From Employability to Social Rights

From 18-19 June, ENIL attended the European Social Fund (ESF) Transnational Platform Seminar in Brussels. This seminar is the annual conference of the different ESF Thematic Networks (TNs), which were set up to ensure cooperation between different countries – NGOs and public authorities – when it comes to the use of ESF. There are 8 TNs (Employment, Youth employment, Learning and skills, Social economy, Social inclusion, Governance, Simplification, Partnership and Migrants). ENIL is a member of two of them – on Inclusion and Partnership.

The conference started with a video message European Commissioner for Employment and Social Affairs Marianne Thyssen. The Commissioner highlighted the need to make sure ESF becomes simpler and has a stronger focus on the social rights which were recently reaffirmed in the European Pillar of Social Rights.
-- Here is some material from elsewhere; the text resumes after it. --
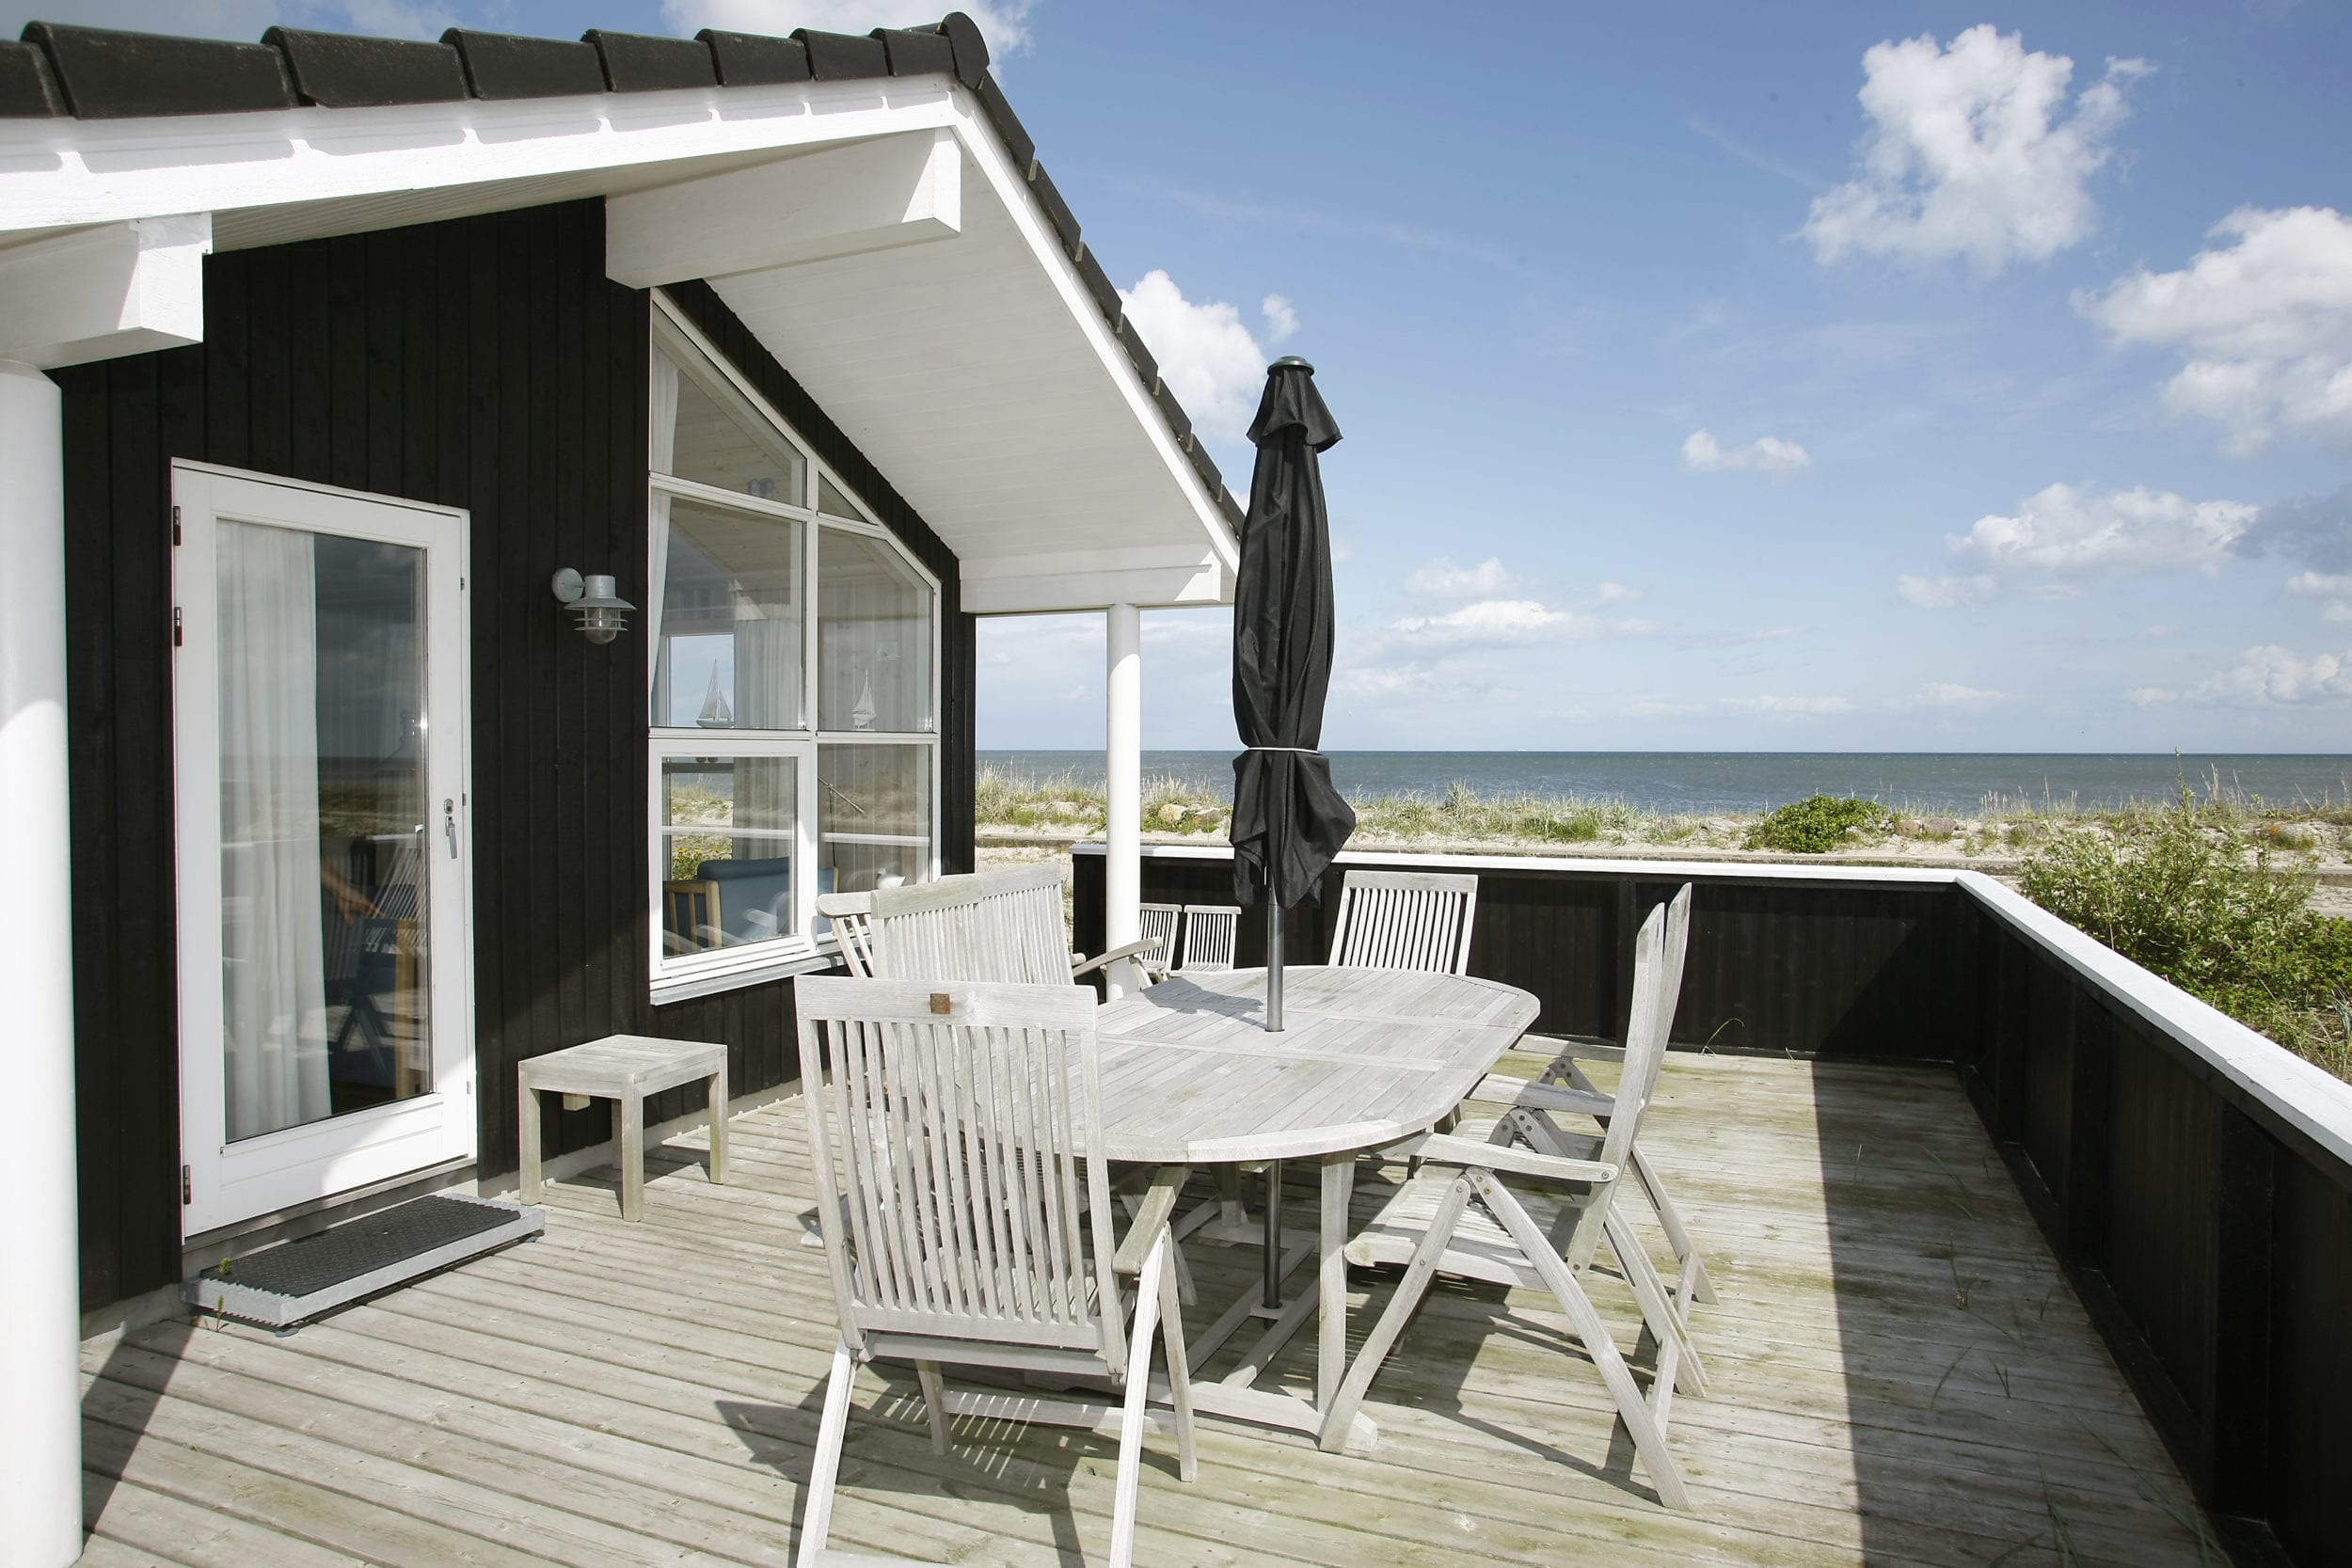 Stor dansk feriehusudlejer øger danske bookinger med 60 procent
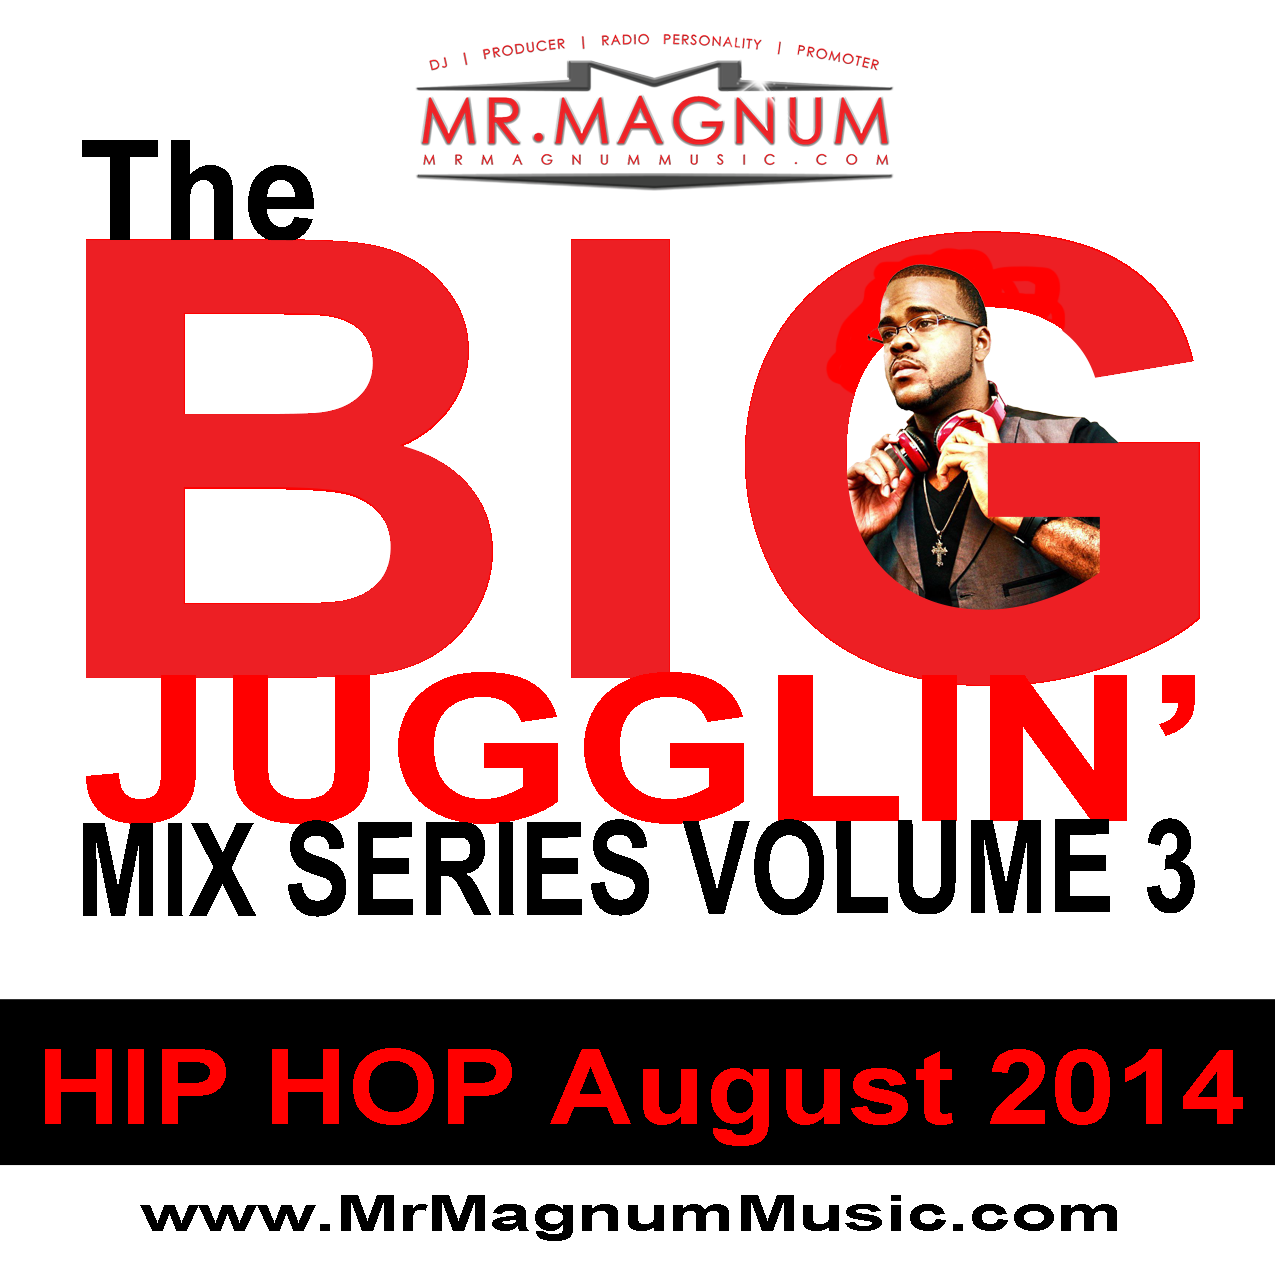 Mr. Magnum - The Big Jugglin' Mix Series Vol 3 Hip Hop August 2014

Throughout the conference, different speakers emphasized that the ESF budget is relatively low. In the new ESF+ programme, the budget would need to be increased to facilitate the transition to a digital economy and kick start innovative social services, to make sure all EU citizens can enjoy the same social rights. On the other hand, participants agreed that, while you need a budget to support innovative practices, the real key to achieving social inclusion is working in partnership with people on the ground.

During the seminar, several panels and workshops explored ways of putting the partnership principle into practice and actively working with European citizens who are benefiting from the projects set up by ESF. One of the workshops focused on co-production and included the presentation of the Co-production – enhancing the role of citizens in governance and service deliverymanual, recently published by the TN on Partnership. During this workshop, ENIL’s Advocacy Officer Frank Sioen presented the concept of co-production to highlight that partnership should go beyond consulting people.

A co-productive approach requires an understanding that different partners, like NGOs, public authorities and users of the ESF projects, all have different knowledge and skills to contribute to a project. At the moment, the public authorities have the strongest voice in ESF projects. A co-production approach would change this and make sure all partners in an ESF project get the support they need to have an equal voice in the debate. By sharing decision-making power and using the expertise of the different partners, ESF projects can become more effective and respond better to the needs of EU citizens, because EU citizens will have co-created the project.

The final session of the seminar recognised the importance of partnership and co-production, but stressed that employment remains the most important and easiest way of accessing social rights.

This led to the conclusion that ESF+ should keep its focus on guiding people towards employment and facilitating the transition to new ways of working. Partnership can help achieve this goal. However, partnership will not yet be used to fully involve people in the process and investigate if ESF projects could support them to address underlying barriers (like stigma or lack of accessibility), which block them from the labour market.

It was good to see partnership and people were the central points during this seminar. However, we cannot help but wonder if access to employment is really the best way to move from employability to social rights?